:: Exercise ::
Each line below must be set down exactly; omit any image you find.

:: Collected data ::
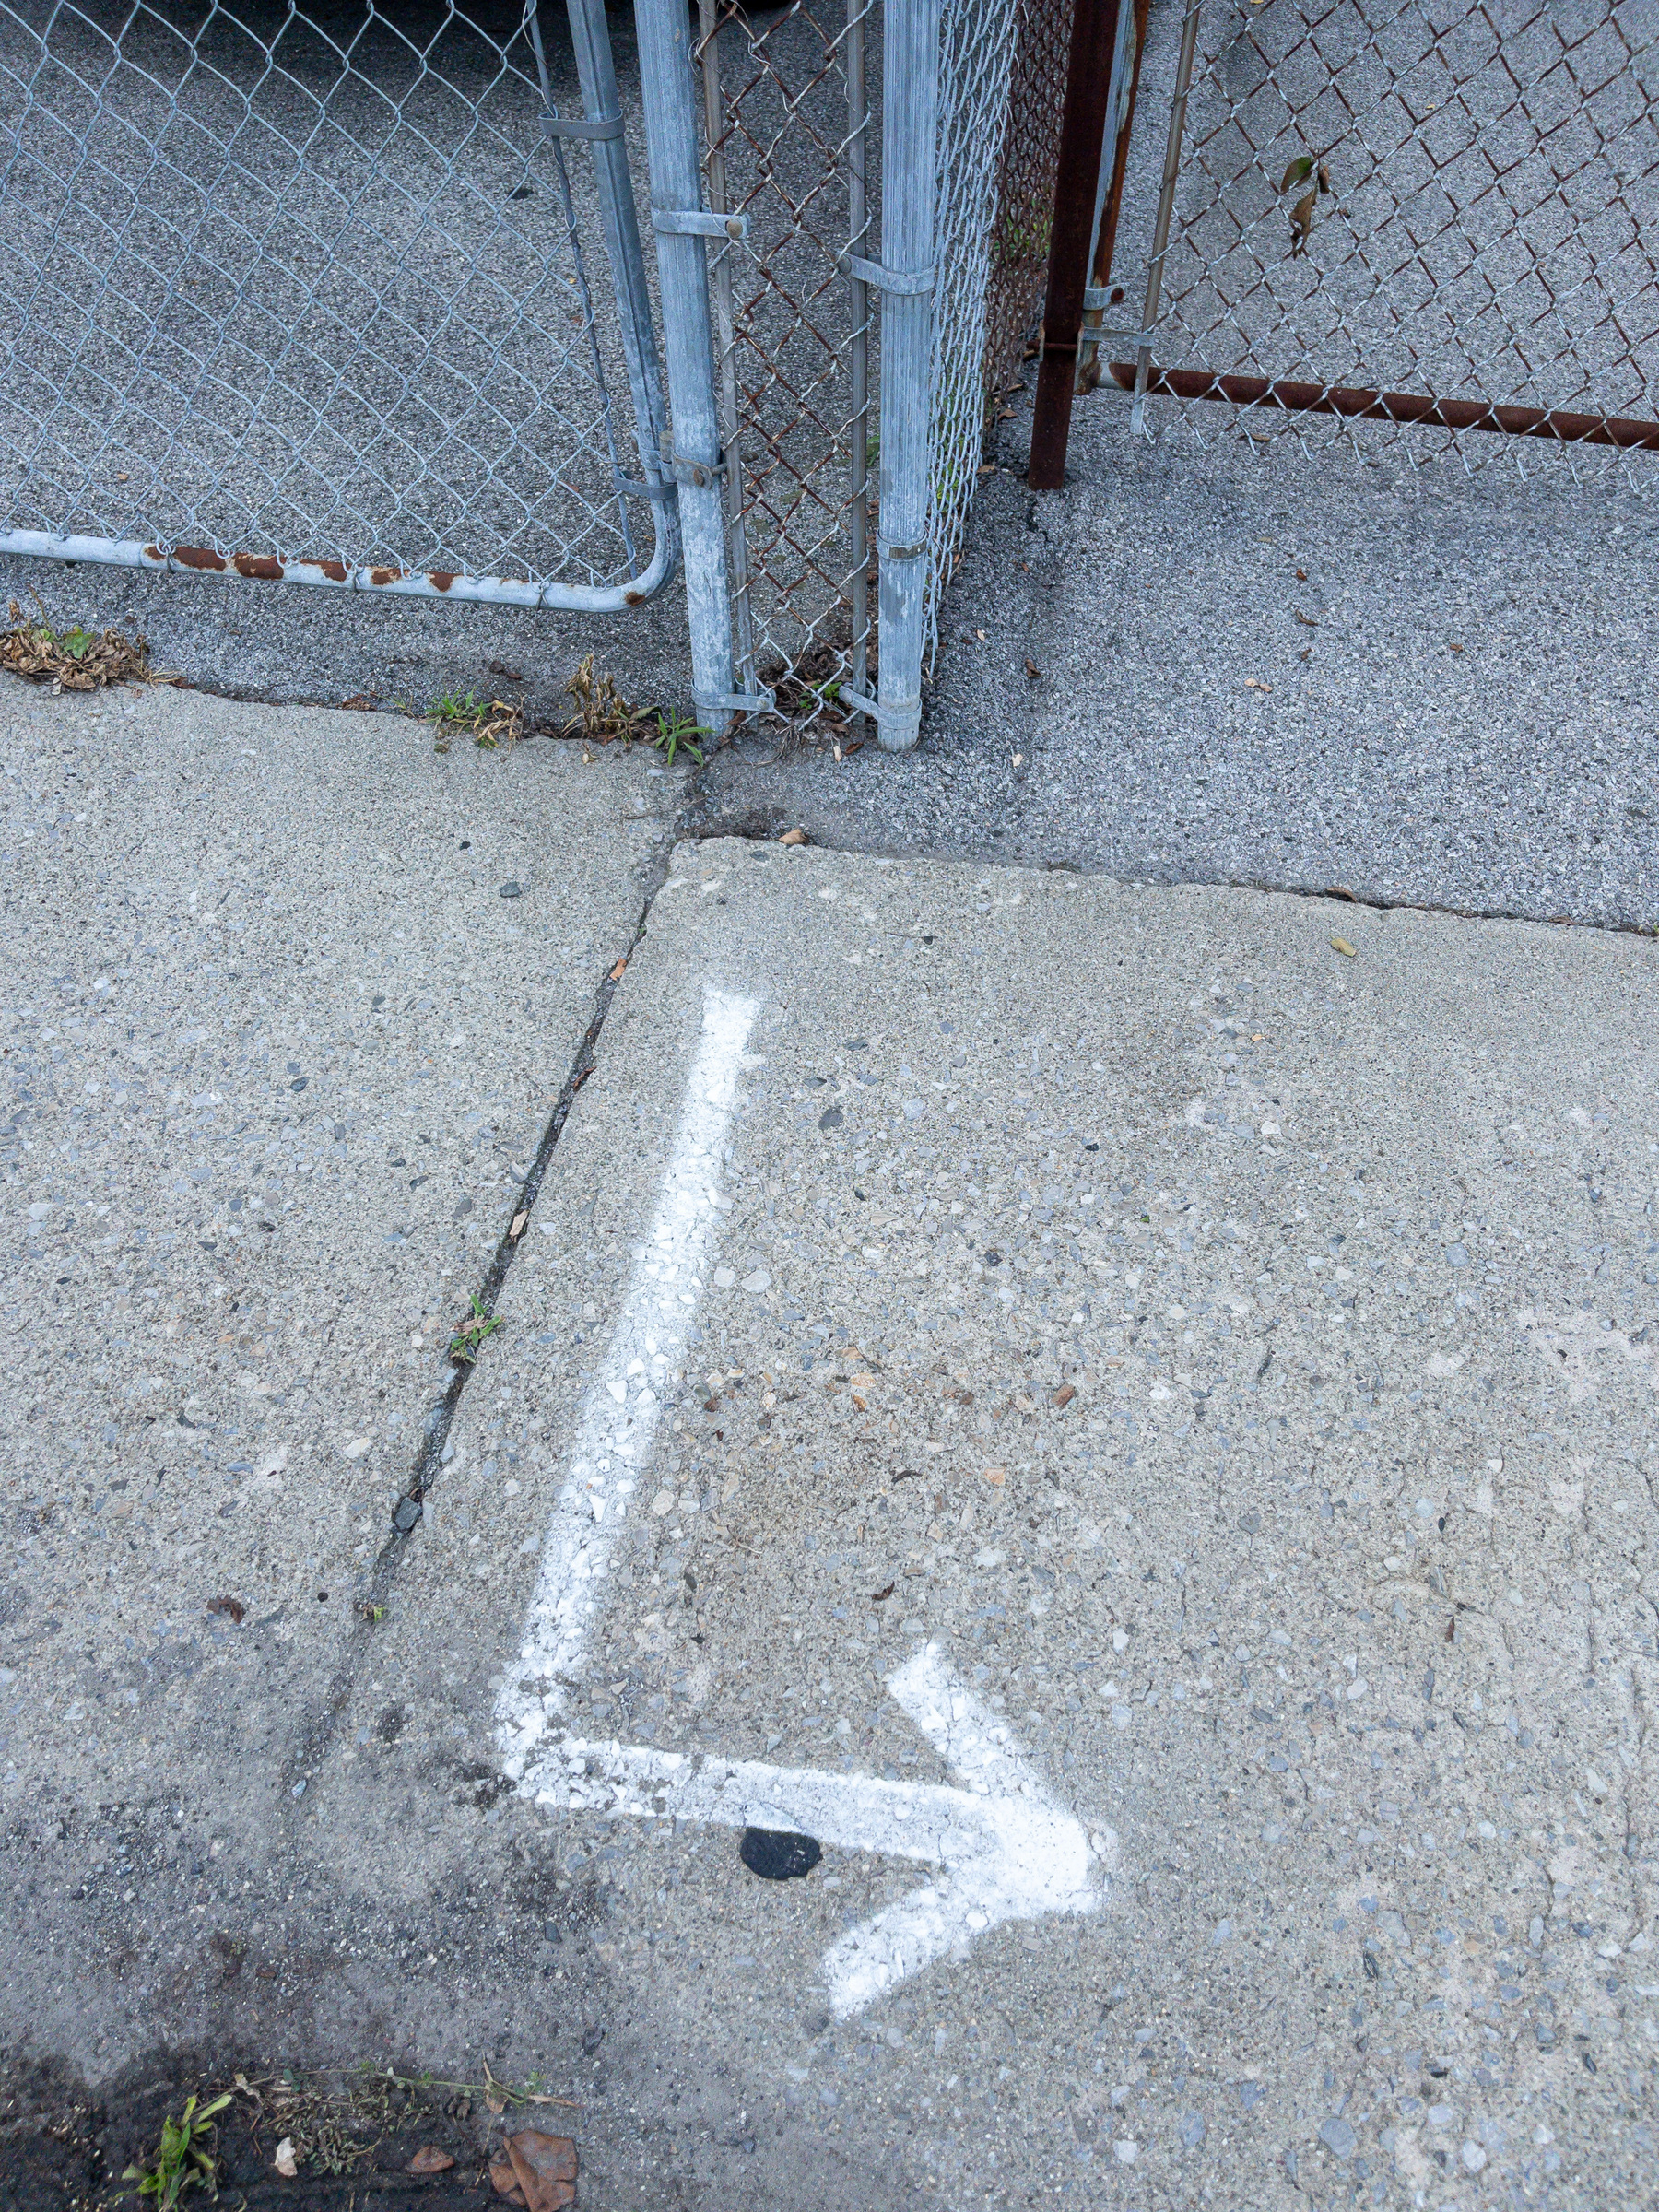 Right turn arrow painted on a sidewalk, chainlink fencing in background.
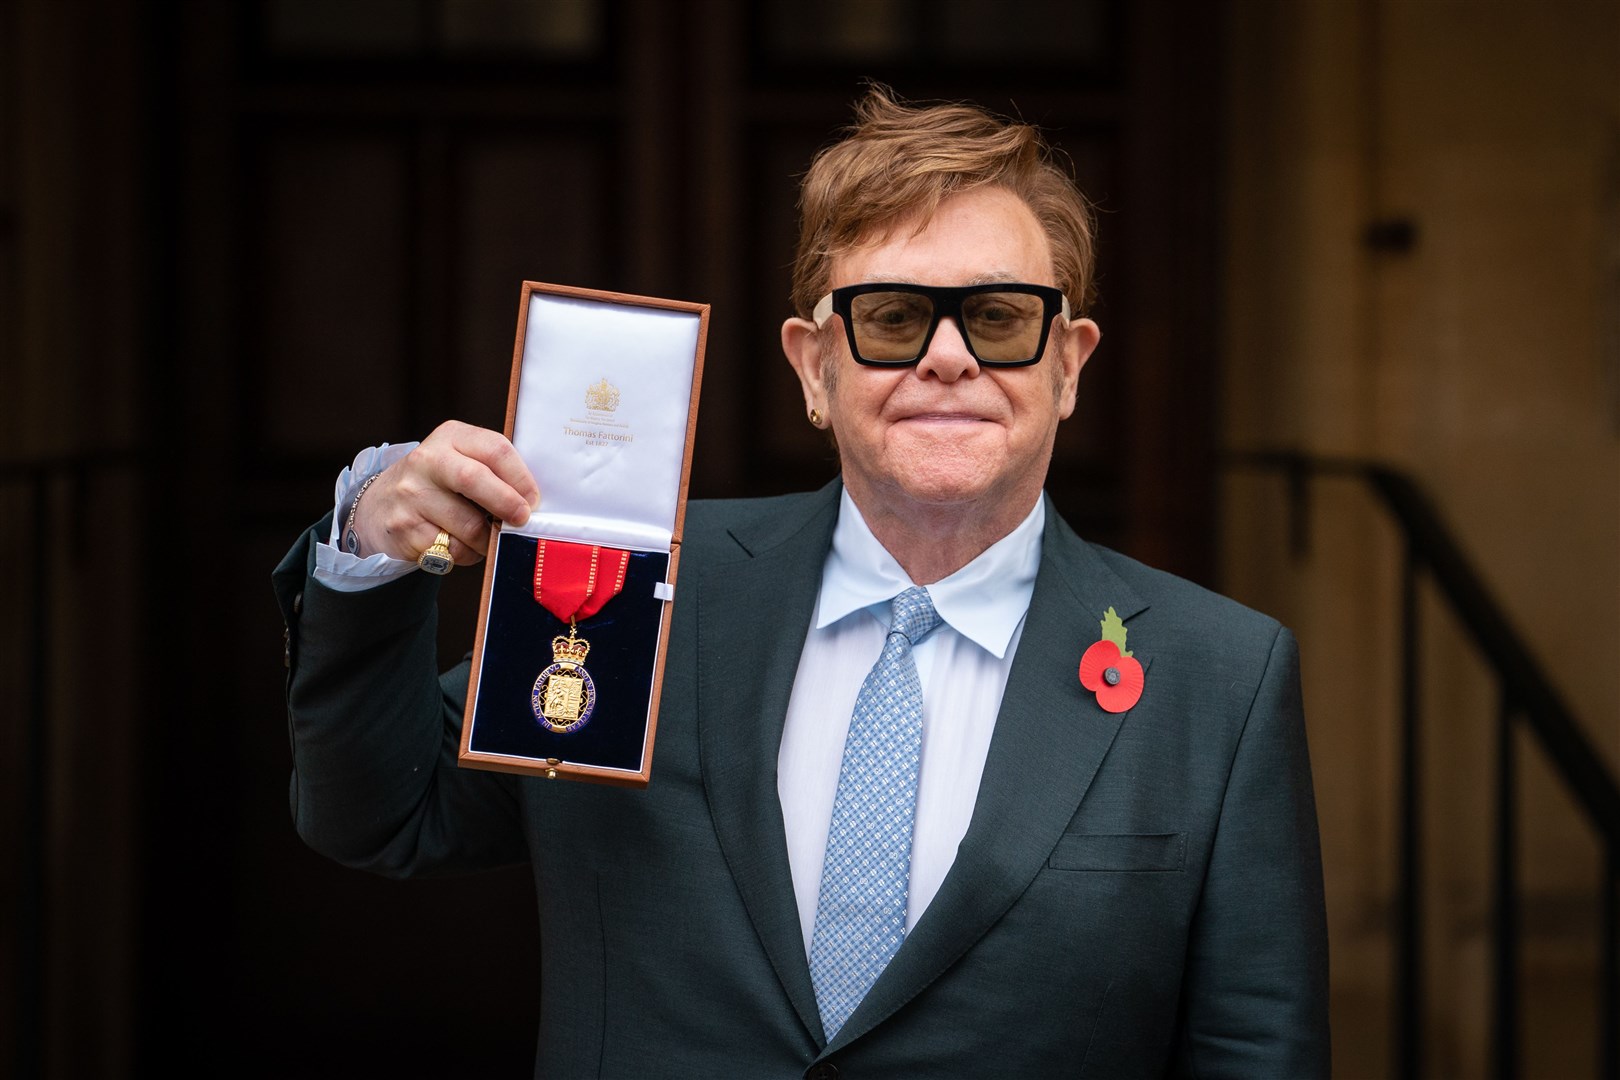 Sir Elton John in 2021 after being invested as a member of the Order of the Companions of Honour for services to music and to charity (Dominic Lipinski/PA)
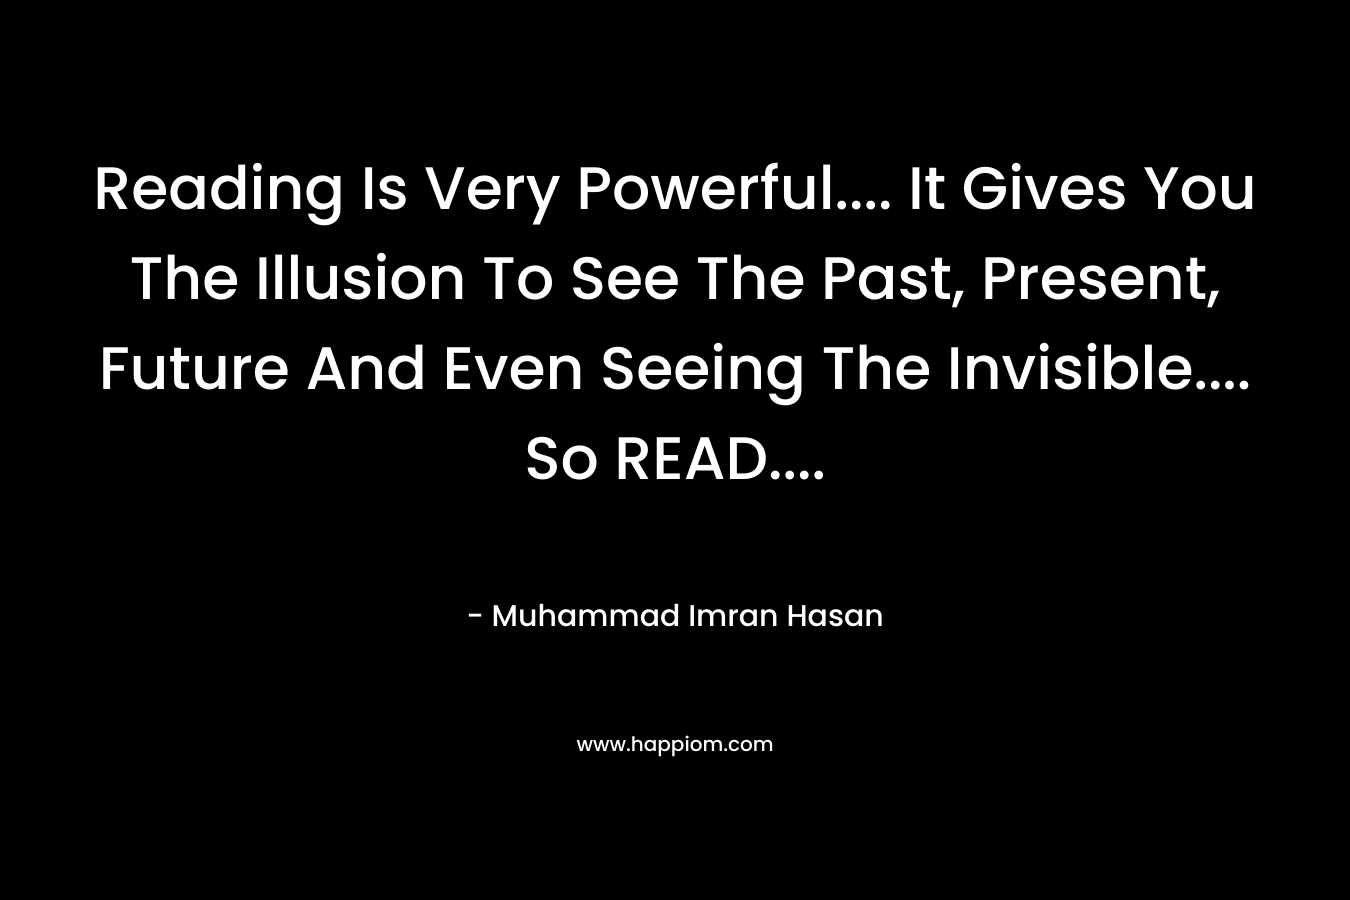 Reading Is Very Powerful.... It Gives You The Illusion To See The Past, Present, Future And Even Seeing The Invisible.... So READ....

:: Solution for this task ::
 Right turn arrow painted on a sidewalk, chainlink fencing in background.
 Sir Elton John in 2021 after being invested as a member of the Order of the Companions of Honour for services to music and to charity (Dominic Lipinski/PA)
 Reading Is Very Powerful.... It Gives You The Illusion To See The Past, Present, Future And Even Seeing The Invisible.... So READ....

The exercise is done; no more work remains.